Engineering Contradictions & Design Principles
Engineering Contradiction Analysis
1Adaptability or versatility
If the robot moves according to a set route or control server settings, then the robot can provide guide service, but the robot cannot identify users who have requested service or provide tailored services to them
Solution Approach 1:
The system is divided into multiple functional modules: a user identification module that analyzes video to detect service identifiers, a service information acquisition module that retrieves data based on identified identifiers, and a task execution module that performs customized services. This segmentation allows the robot to add user identification capabilities without completely redesigning the system architecture.
Solution Approach 2:
The patent introduces a service identifier as an intermediary element that bridges the user and the robot.
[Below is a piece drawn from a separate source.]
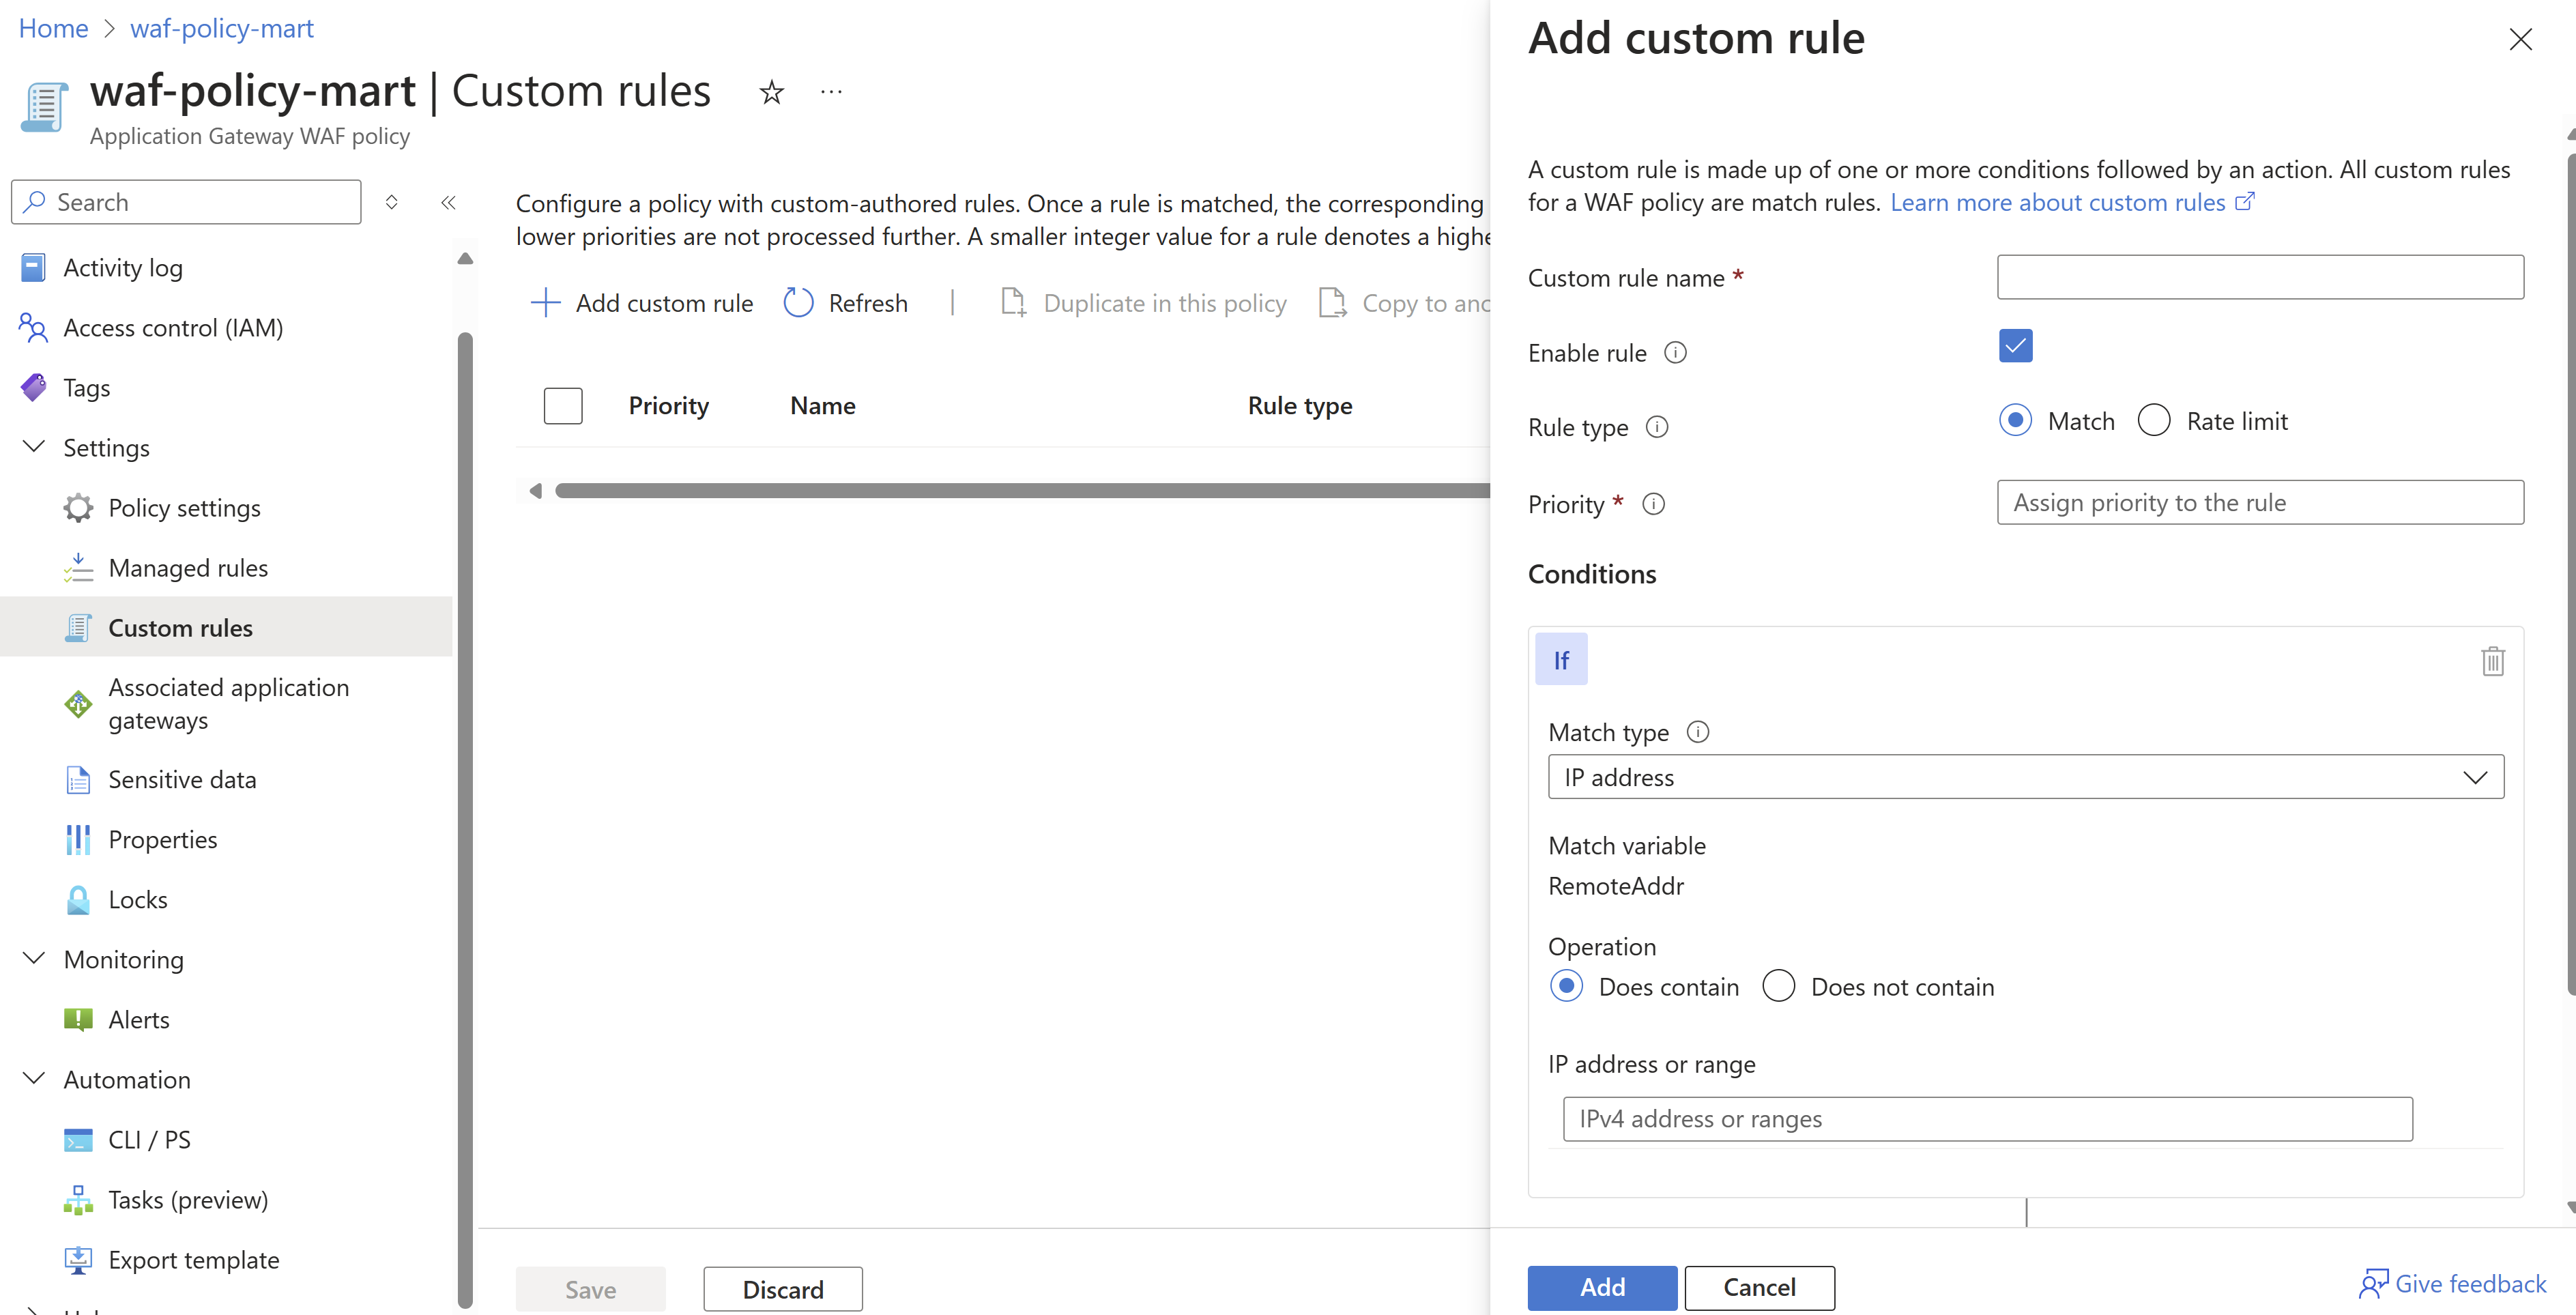 Showing custom policies of a WAF policy in the Azure Portal

The identifier (such as a QR code or RFID tag) carries service information that the robot can read and process, enabling customized service delivery without requiring complex direct user-robot communication systems.
2Measurement precision
If the robot uses video analysis with object recognition model to identify users, then user identification accuracy is enhanced, but processing time and computational resources increase
Solution Approach 1:
The object recognition model is pre-trained with service identifier data before deployment. When a user presents a service identifier, the model can quickly match it against stored patterns without requiring extensive real-time processing. This preliminary preparation significantly reduces identification time while maintaining high accuracy.
Solution Approach 2:
The video analysis focuses specifically on detecting service identifiers rather than performing comprehensive user authentication. The system processes only the necessary visual information (the identifier itself) rather than analyzing all user characteristics, reducing computational overhead while achieving the required identification accuracy.
Data Source
AI summary
A robot including an input interface configured to receive a service identifier in response to a service request; a camera configured to capture a video of a user who has presented the service identifier; a transceiver configured to receive service information associated with the service identifier; and a processor configured to identify the user who has presented the service identifier from the video using an artificial neural network based learning model; and in response to successfully identifying the user, perform a task corresponding to the service request for the user based on the service information.